Let’s start with the home page and navigation. All very intuitive, all very simple. I get how to use it in a split second. I get to the content I’m interested in with one, two or three taps. There’s no ambiguity here, no voyages to nowhere. What you see is what you get (there’s an acronym for that, no?) Nice work!
“The Show” is a text overview of (amazingly) the show, with a nice video intro from some lovely gentlemen with lovely Scottish accents to whom we are latterly introduced (squarely in the “What isn’t so cool?” camp) but which outlines the curatorial perspective on the exhibition in a comprehensive, academic and sometimes engaging way with video footage and context-enhancing images. And I mean, how can you resist a Scotsman saying “exotic succulents”?
If I were IN the museum, I might find these 3 minutes and 26 seconds a bit long while I’m raring to get exploring, but at home across our proverbial pond and then some, I was relaxed and got into it.
“Share” opens up a pre-scripted email that’s a little bit lame but which you can edit, so no harm done. No tweeting or FB-ing from this app so far as I can see. Seems like a missing gimme.
“Visitor Info” has your bog standard visitor info with a link to the National Galleries’ ticketing website, which opens a web browser. Go back to the app and you’re back at the start. Not great but workable.
Under “Art” you’ve got three choices: List (a text list of artworks in the exhibition with text, audio or video interpretation) and Media (an image driven list of works with simple icons indicating either audio or video for a particular artwork).

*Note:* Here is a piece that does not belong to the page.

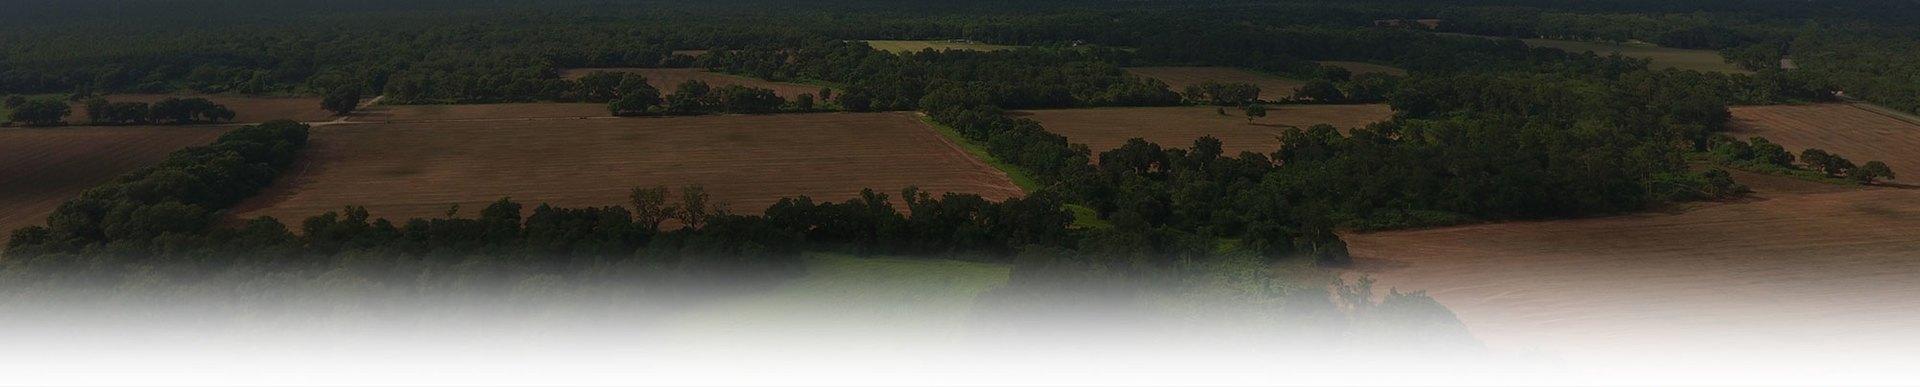 Listings - Alabama Land Agent

I thought maybe one menu would be enough. Perhaps titled “list” with images and their accompanying media icons. Two choices seemed redundant when the resulting content is exactly the same – catering to different types of user? maybe.
And then there’s “Map”, which either I didn’t get at all, or is ephemera in an otherwise tightly designed app. Its not a map of the museum, that’s for sure.
I can’t really comment on “Guide” since I was not in the museum using the keypad, but it was great to see a keypad and the results screens worked well. There is text and sometimes audio or video for a reasonable number of works and I can see that this interface (although a bit awkward to look at) could be exactly the right thing to have on hand on-site.
“Events” is a bit of a hodge-podge listing of everything going on under the sun. Perhaps categories like exhibitions, lectures, films etc would be more effective in helping us sort through the available options.
Content in Ecru
The interpretive content in this app was a bit stolid. I liked the multiple voices, although I was never properly introduced to the narrators. I liked the sound design, particularly the invocation of the outdoors: buzzing and alive. And from an amateur’s perspective, it appeared authoritative, intimate and offered-up by real people with real opinions. But who are they? and could they perhaps talk a little bit more to each other and opine a little bit less? The overall tone seemed a bit old school and tell-em-like-it-is-ish rather than the more conversational and collaborative sharing-ness we’ve come to expect in the past, oh, 18 months.
A terrific exhibition for the non-visitor
But overall, the app delights. How often can you get this close to an exhibition, this easily, from 10,000 miles away? I feel like I’ve been to Impressionist Gardens, toured the exhibition and got to that point of ‘yeah, I’ve seen enough, where’s the cafe’? Not necessarily what the Museum was hoping for in launching this app, even if they didn’t expect their biggest fans to be people who never visited.